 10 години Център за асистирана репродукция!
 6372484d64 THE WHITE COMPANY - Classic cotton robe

*-*-*

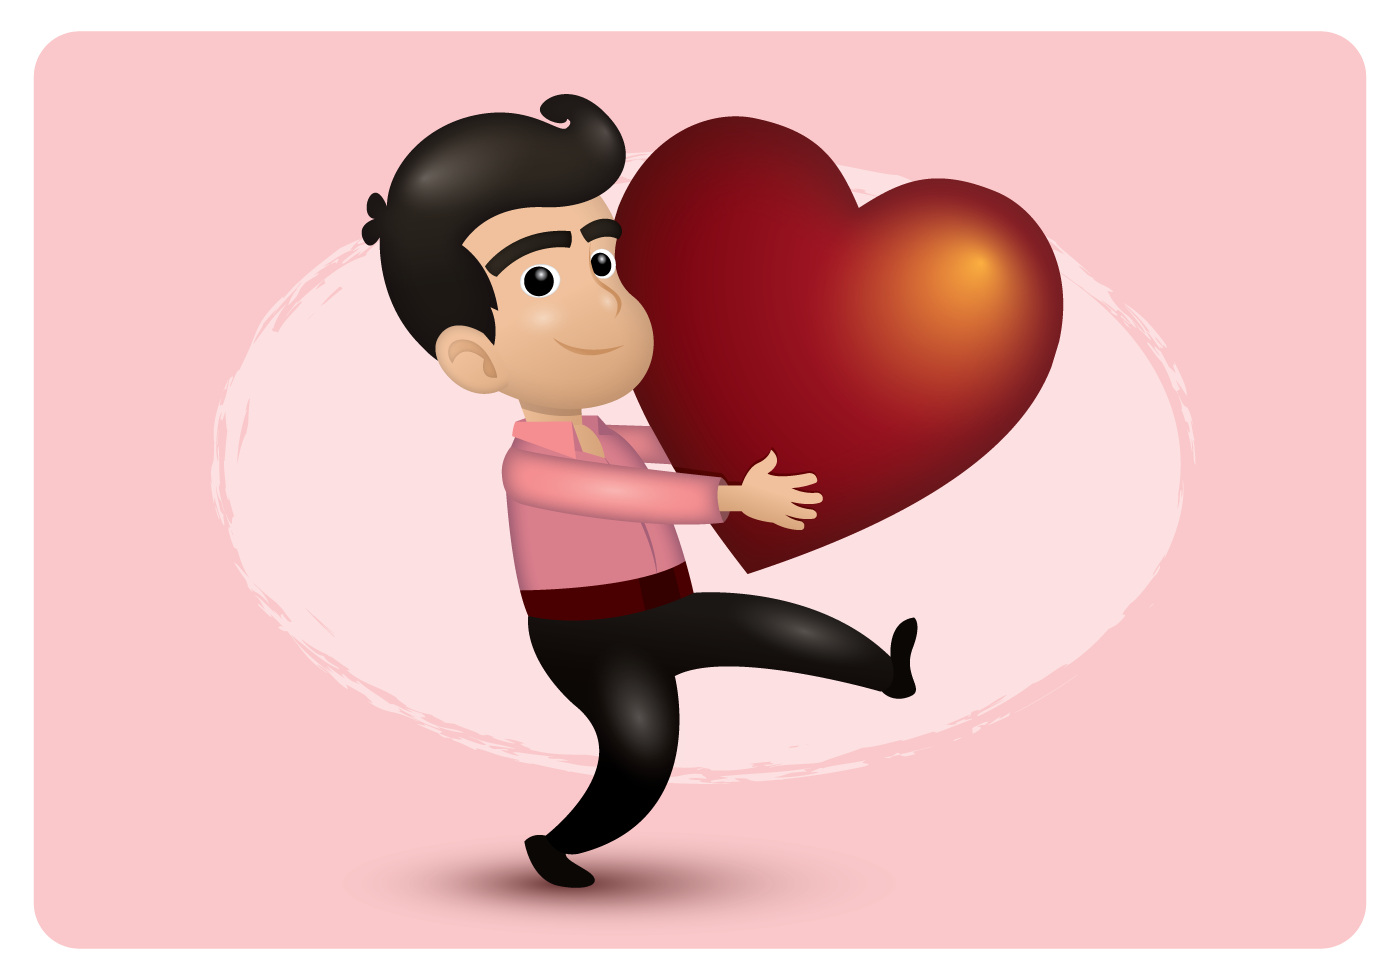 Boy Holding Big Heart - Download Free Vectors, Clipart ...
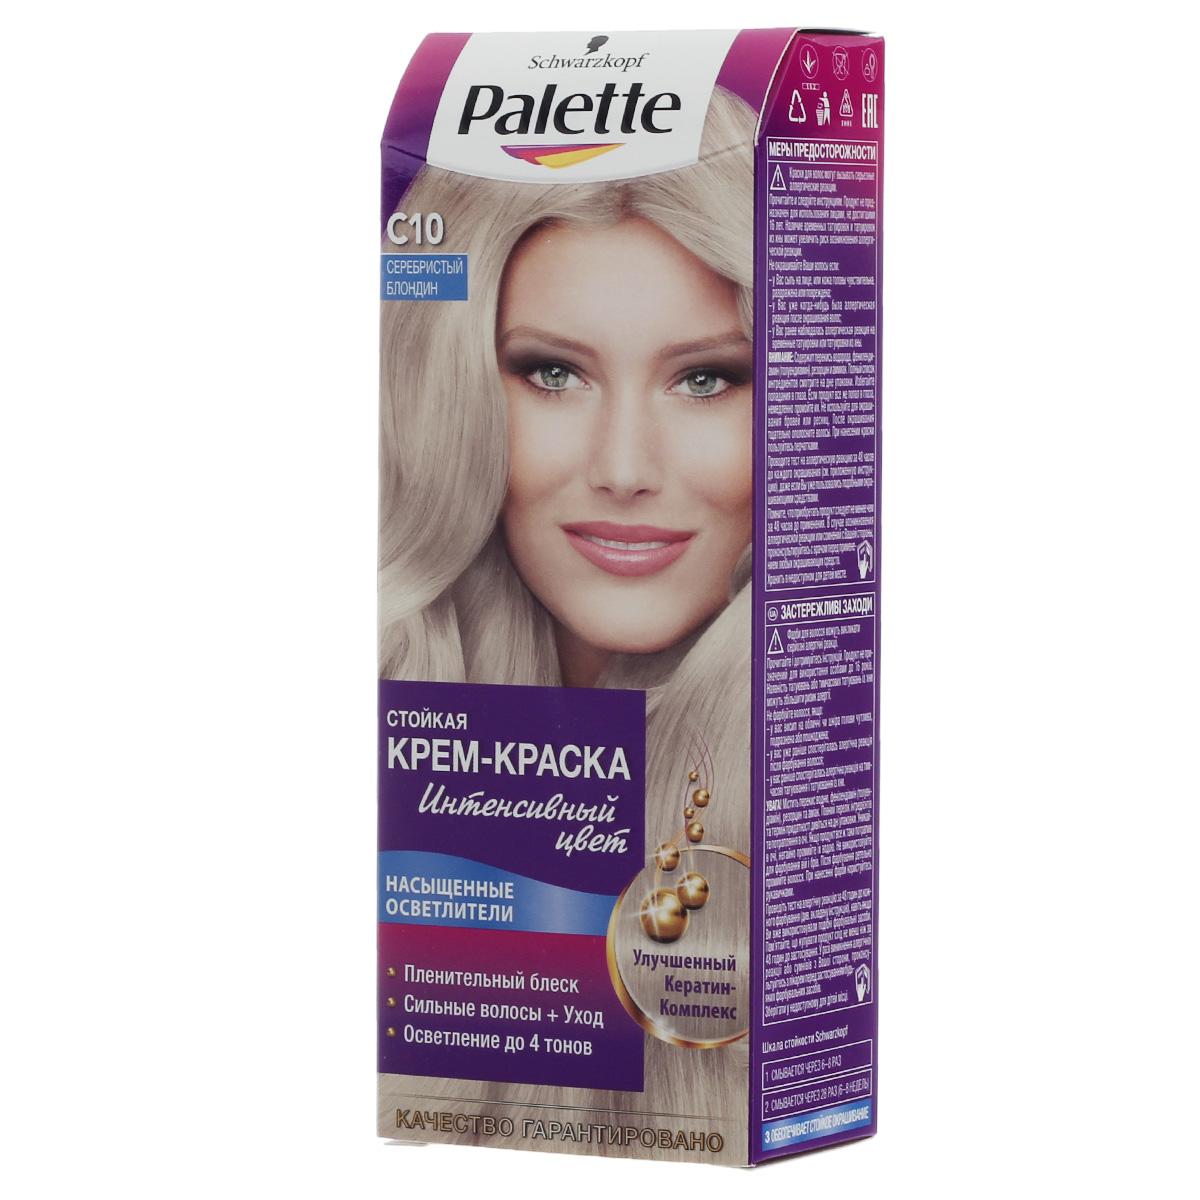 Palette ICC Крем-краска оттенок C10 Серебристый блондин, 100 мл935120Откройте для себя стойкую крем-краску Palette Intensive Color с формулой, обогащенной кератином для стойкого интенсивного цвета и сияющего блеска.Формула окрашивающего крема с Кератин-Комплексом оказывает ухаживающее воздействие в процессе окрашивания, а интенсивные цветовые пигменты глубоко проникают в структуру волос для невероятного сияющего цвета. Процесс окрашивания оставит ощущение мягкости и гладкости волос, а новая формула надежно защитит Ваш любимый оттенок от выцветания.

*-*-*

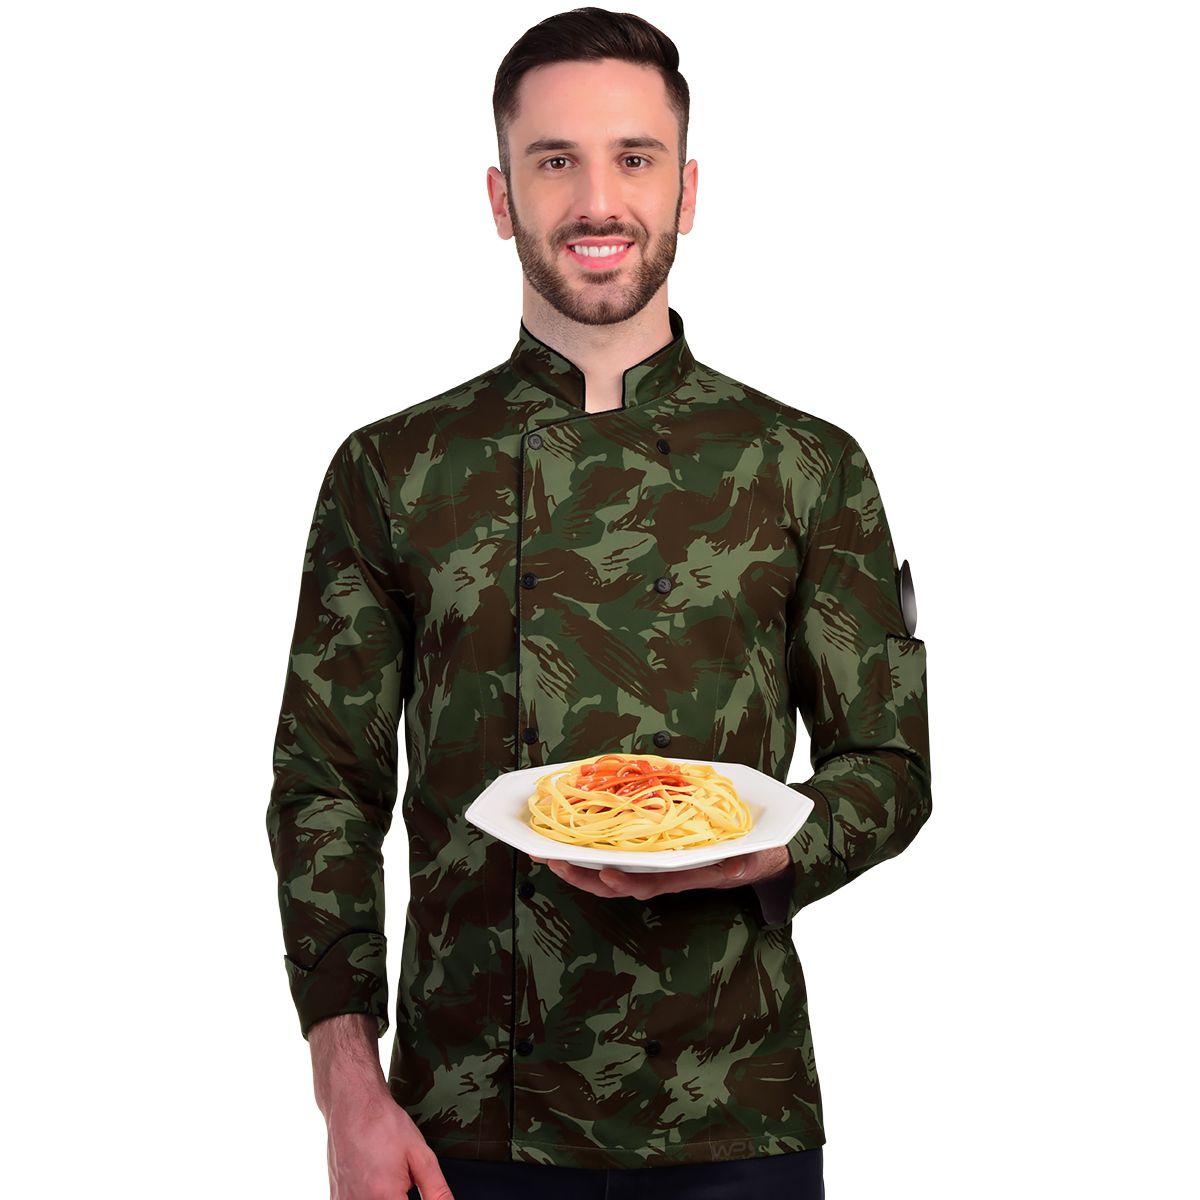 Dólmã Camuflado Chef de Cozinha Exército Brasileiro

*-*-*

Scan the listing above for the line that has "10 години Център за асистирана репродукция!", then copy exactly from that line through the line that has "6372484d64 THE WHITE".

### Your solution
 10 години Център за асистирана репродукция!
 6372484d64 THE WHITE COMPANY - Classic cotton robe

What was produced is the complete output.